Tuesday, November 20, 2012

Edith Satterwhite

This past weekend I was the guest speaker at the fall meeting of the Alpha Nu chapter of Delta Kappa Gamma. The members are current or retired educators, so I felt a kinship to them with my teaching background. More than that, I know one of their former members, Edith Satterwhite, teacher and principal at Pilot Mountain School.

"Know" perhaps is not the word I should use in this context. I was never fortunate enough to meet her since she died in 1999, long before I began this project. Yet I know her well. I know her through her former students who looked to her for guidance, through her co-workers who remember her as hard working, through her family who praises her for being their rock, and most of all, through her writings.

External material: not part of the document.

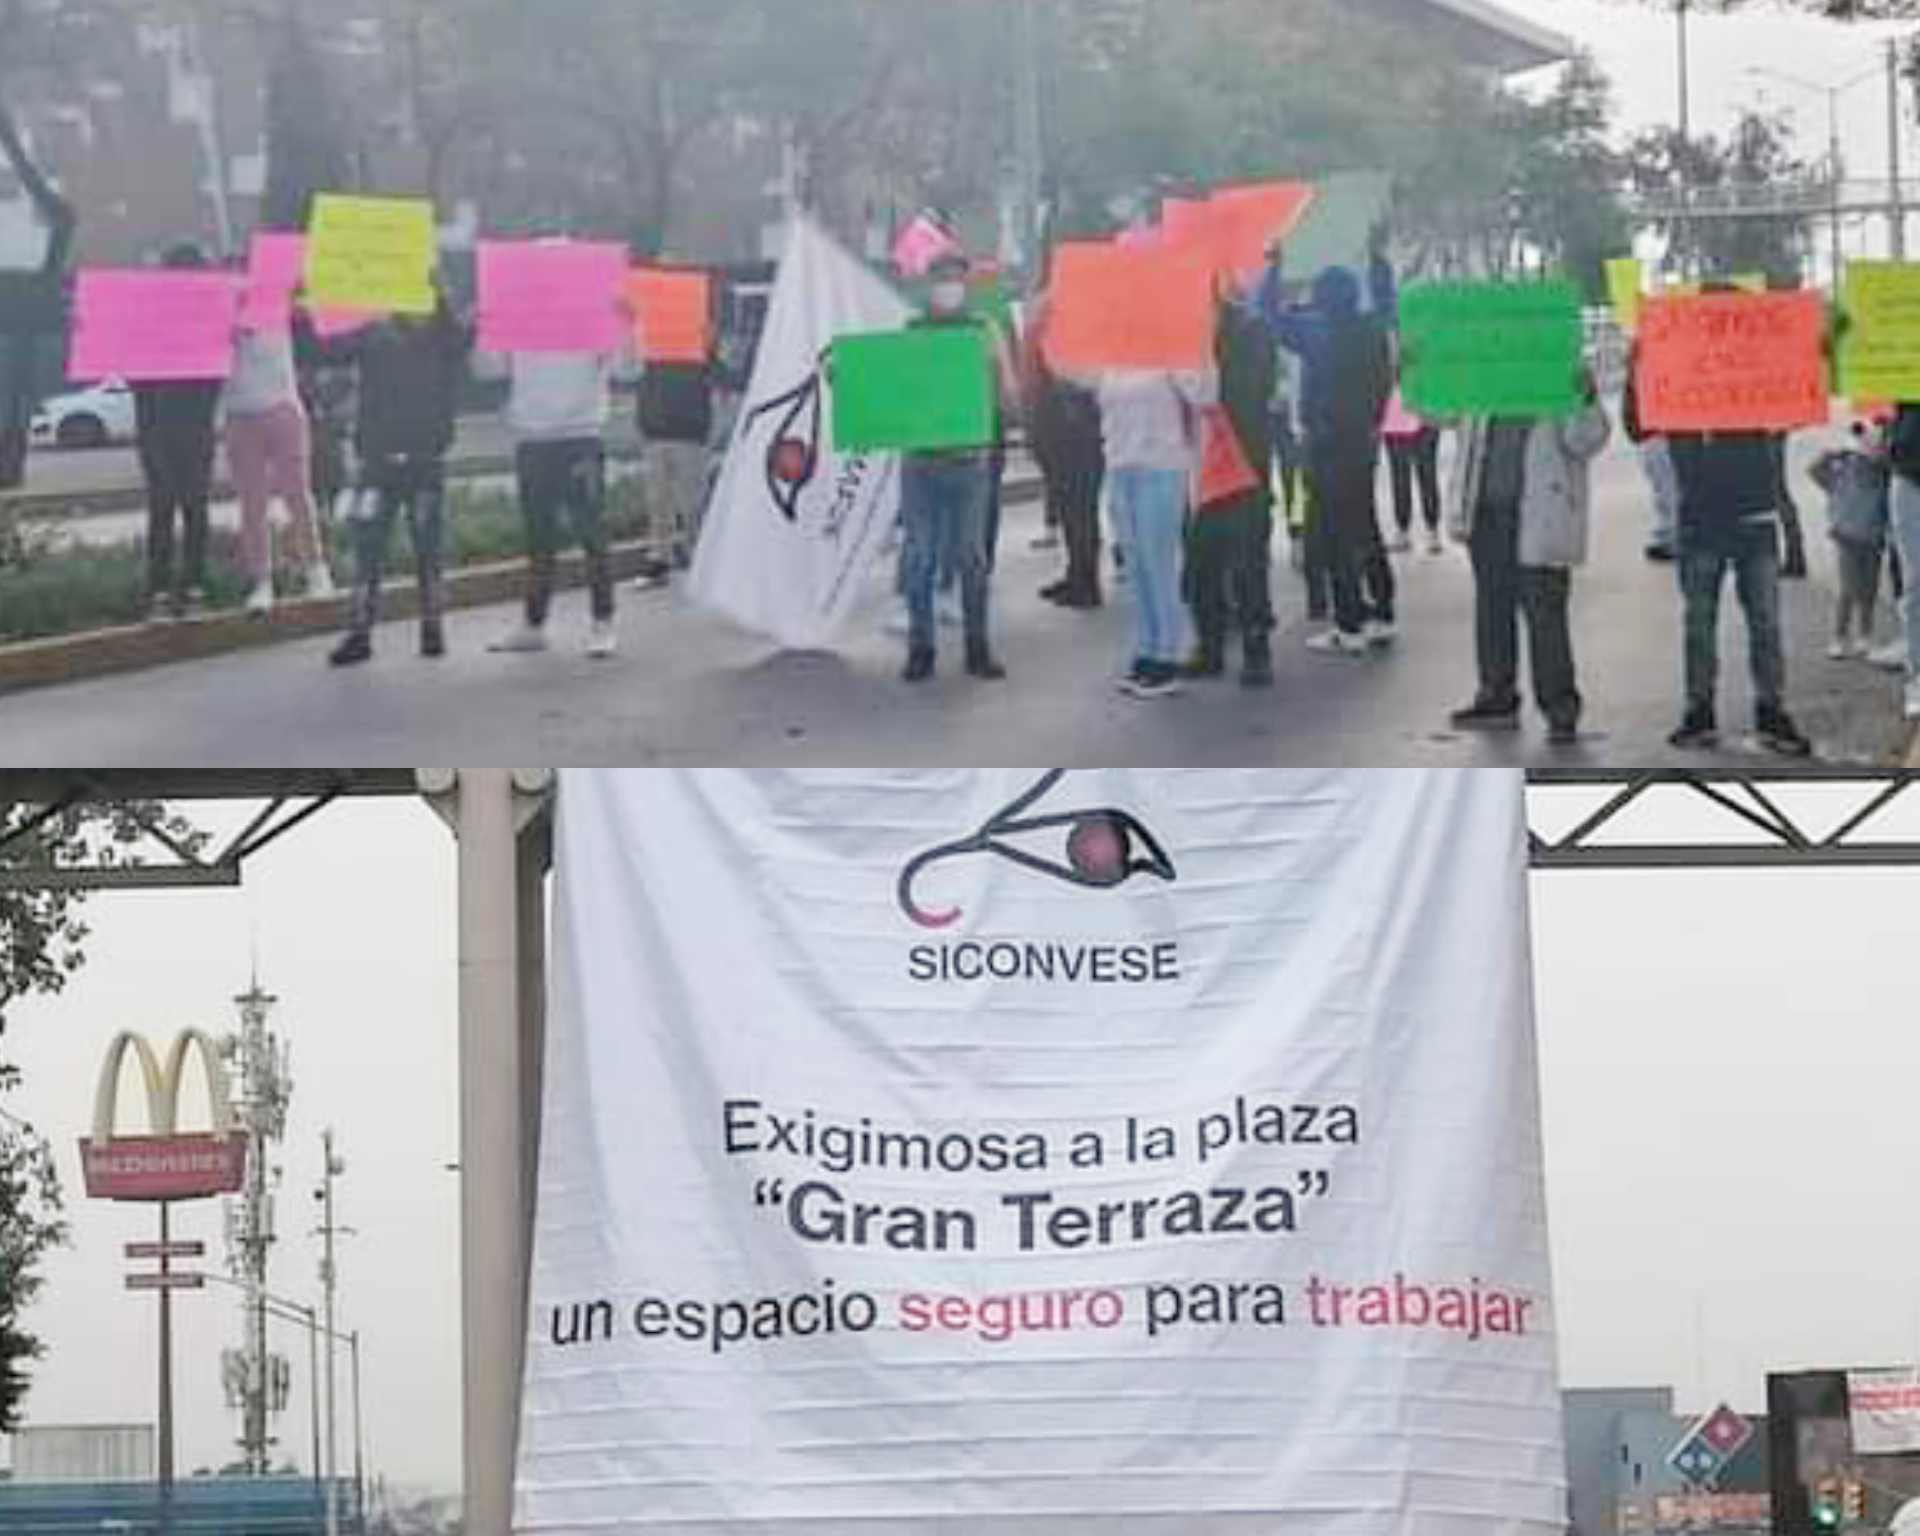 Repartidores de aplicaciones de reparto bloquean la avenida Lomas Verdes #regionmx

In a written version of a speech she presented at her church, she showed her personality. "A little more than fifty years ago I came to this community shortly after Pearl Harbor in 1941. I was twenty-nine and a half years old. My hair had already turned grey...that's one reason for my being called Old Mrs. Sattershite for the last fifty years. You know the other reasons..."


She dropped out of high school in order to care for younger children in her family when her mother became too ill. She returned the following year and graduated top of her class.

To raise money for tuition at Appalachian Teacher's College, she worked as a nurse at the nearby mental hospital. She appeared before the North Carolina state legislature to open their eyes to the horrific conditions she witnessed there.

As a beginner teacher she lived away from home, only returning during the fall break when her school closed for the fall harvest season. She eventually married and found a position as teacher and principal at Pilot Mountain School the year it opened. Not only did she teach the ABC's, she participated in the home front war effort. She weighed scrap metal the children brought to school and awarded prizes for those who earned them. She collected nickels from students buying war stamps and converted their filled booklets to war bonds. She stayed late and came on Saturdays to register families for their ration booklets.

She always taught a combination class at the school, two grades together with two sets of lessons going on at the same time. She was music teacher, physical education teacher, art teacher, librarian and nurse.

More than that, she inspired children. She encouraged them to always reach higher goals. Many former students of hers became teachers because of her influence. Her legacy lives on in the students they in turn taught in their classrooms.

Yes, just like me, many in the county "know" Edith Satterwhite through the actions and words of the children who once sat in her classroom.

What better way to live on than through an unbroken chain of teachers.